Расслоение славянского общества прослеживается в целом слабо. Однако у словен и антов существовало рабство. Рабами становились пленники.[332] Раб считался собственностью господина (как правило, того, кто его захватил[333]), его можно было продать и, соответственно, выкупить.[334] Рабский труд использовался в хозяйстве. С другой стороны, рабу вполне могли доверить оружие. Тогда он сражался на войне рядом с господином и мог даже «покрыть себя большой славой».[335] Если раб оказывался на земле своего племени или племенного объединения, то «по закону» считался свободным. Например, ант, находившийся в рабстве у словен, считался на основании «закона» (то есть обычного права) свободным с момента вступления на антские земли.[336] В целом рабство, как можно видеть, носило патриархальный характер, и в реальности положение рабов мало отличалось от положения младших членов большой семьи.
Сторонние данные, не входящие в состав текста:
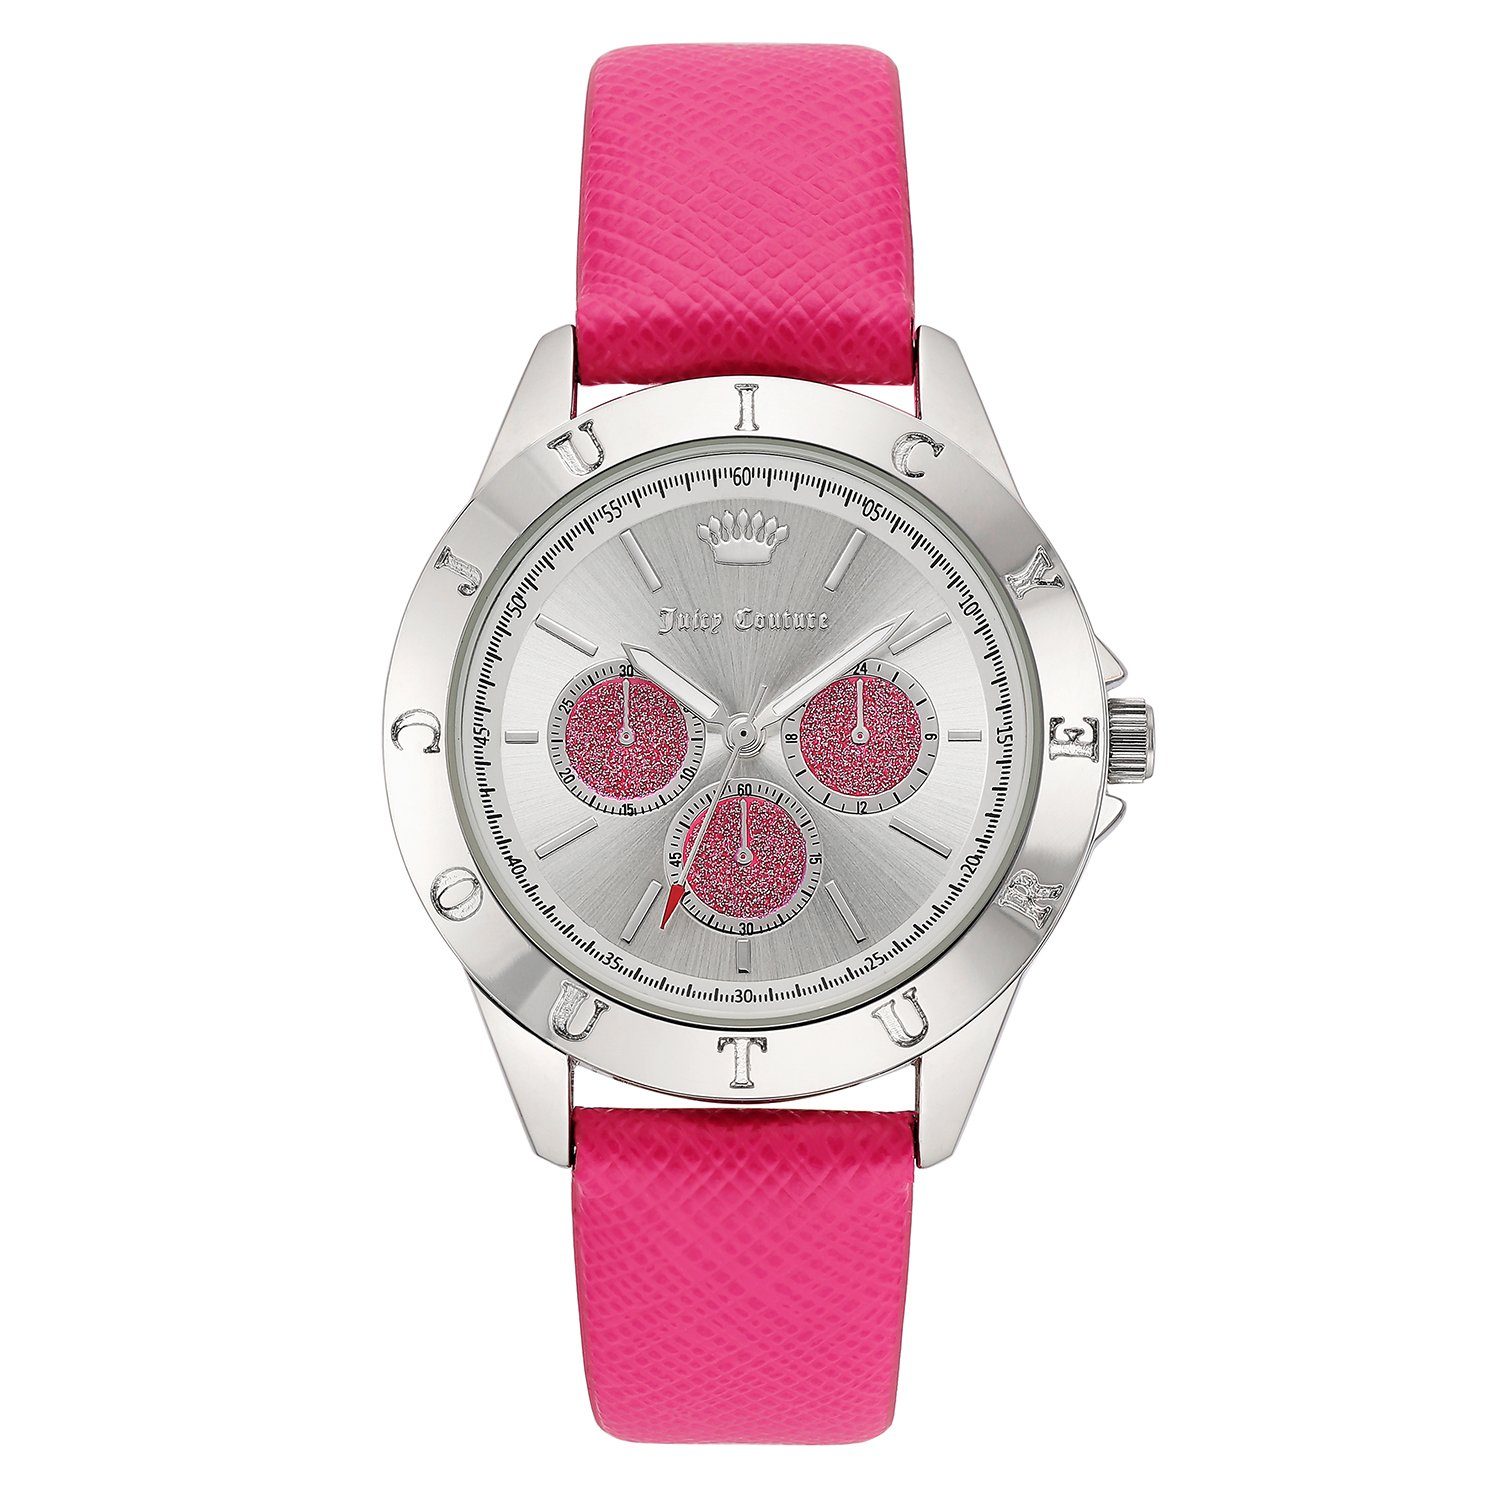 Juicy Couture JC/1295SVHP Digitaluhr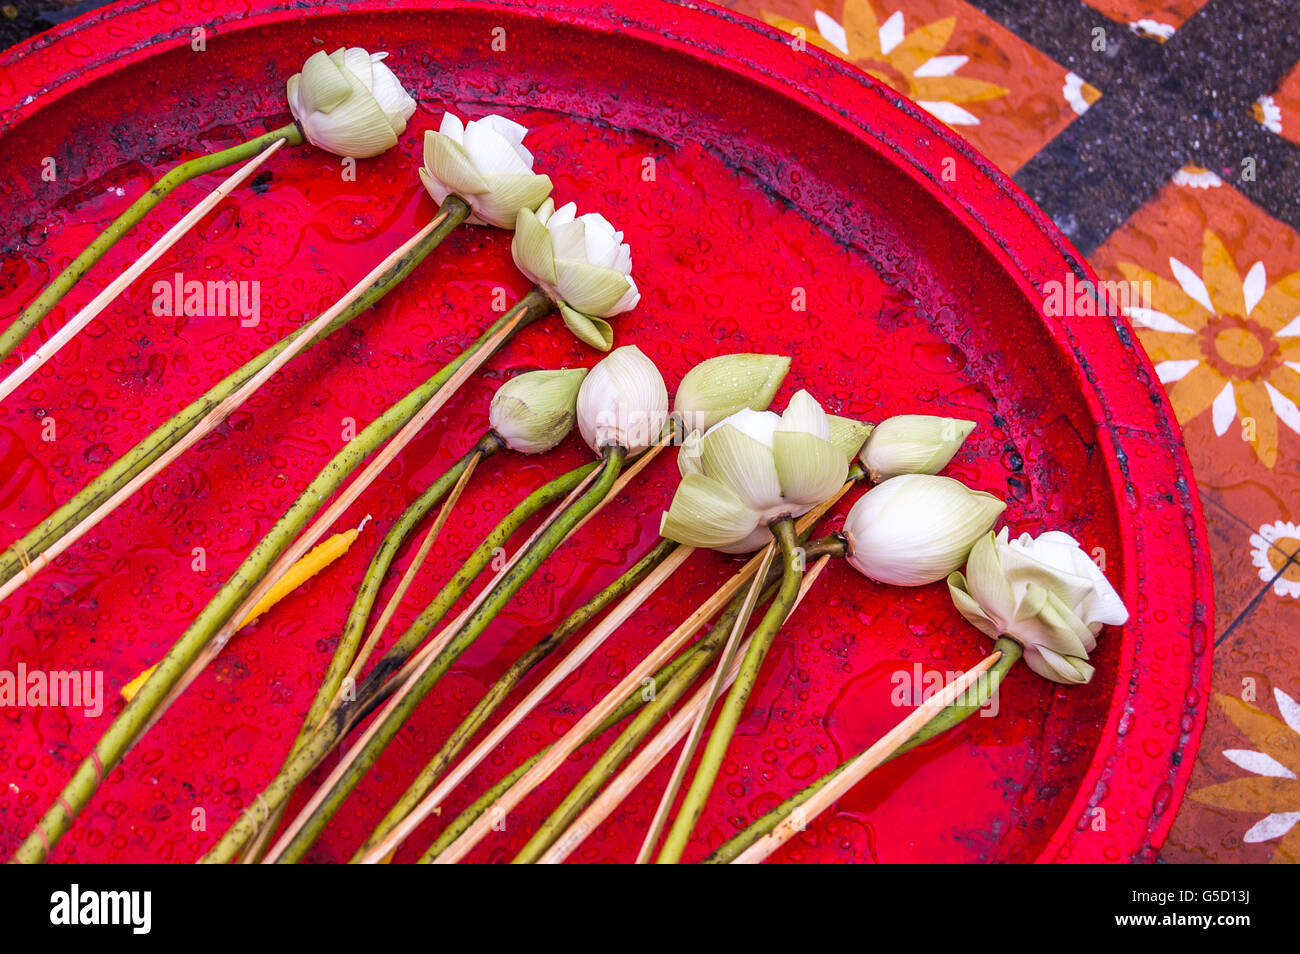 White lotus flowers offerings on red tray in Buddhist temple, northern Thailand Stock Photo

Другой неполноправной группой в славянском обществе были данники (термин общеславянский[337]). Таковыми для словен и антов, насколько можно судить, в описываемый период являлись только аборигены дунайско-карпатских земель. «Волохи» жили вместе со славянами, занимались гончарством и скотоводством (занятиями непрестижными в глазах древних славян). Вероятно, они несли какие-то связанные с этим повинности в пользу славянских племен.[338]
Но не все инородческие группы в антском и словенском обществе были принижены по своему статусу. К германцам-«немцам» это, судя по всему, совершенно не относилось. То же самое можно сказать и о словенах и «эстиях», вошедших в антскую общность. А арийское происхождение антских племенных названий свидетельствует, по меньшей мере, о равном положении потомков аланских кочевников в антских племенах.[339] Да и волохи наделялись в сознании славян определенным сакральным могуществом и, следовательно, пользовались известным почтением.
Основную массу населения составляли свободные полноправные общинники — люди. В правовом отношении их масса была достаточно однородной, и деление проходило лишь по половозрастному признаку. Характерно практически полное отсутствие в общеславянском языке специальных терминов, обозначающих принадлежность к воинской «касте». Свободный мужчина-общинник (муж, людин) — одновременно воин (вой, муж); никаких привилегий здесь не прослеживается. Единственное исключение — раннее заимствование у германцев «витязь» — обозначало у древних славян просто воина на коне. В ранних антских и словенских погребениях нет оружия.
Стоит отметить, что для эпоса характерно негативное отношение к тем, кто пытался жить исключительно «храбрством». В былине о великане Святогоре он после горделивой похвальбы погибает, не в силах поднять суму с «тягой земной», которую легко несет на плече пахарь. Другой воин-великан, Дунай, из-за состязания в воинской доблести убивает свою жену, тоже воительницу. Она оказывается беременной — в чреве у нее ребенок-богатырь. В раскаянии Дунай, предавший из-за «молодечества» свою обязанность продолжить род и погубивший возлюбленную, кончает с собой. Эти трагические сюжеты отчасти, несомненно, были зарисовкой с натуры. Те, кто пытался выломиться из общинного уклада, строя жизнь исключительно на воинской удали, как правило, кончали плохо — по самым разным причинам.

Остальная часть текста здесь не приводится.